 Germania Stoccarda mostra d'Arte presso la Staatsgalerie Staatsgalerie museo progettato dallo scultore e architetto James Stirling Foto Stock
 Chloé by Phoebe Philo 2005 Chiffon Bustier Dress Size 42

...

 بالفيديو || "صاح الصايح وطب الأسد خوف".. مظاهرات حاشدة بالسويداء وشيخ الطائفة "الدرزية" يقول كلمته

What to work on: Only the lines above starting at the one containing "Germania Stoccarda mostra" and ending at the one containing "Chloé by Phoebe", both included, are to be returned, exactly as they read.

Answer section:
 Germania Stoccarda mostra d'Arte presso la Staatsgalerie Staatsgalerie museo progettato dallo scultore e architetto James Stirling Foto Stock
 Chloé by Phoebe Philo 2005 Chiffon Bustier Dress Size 42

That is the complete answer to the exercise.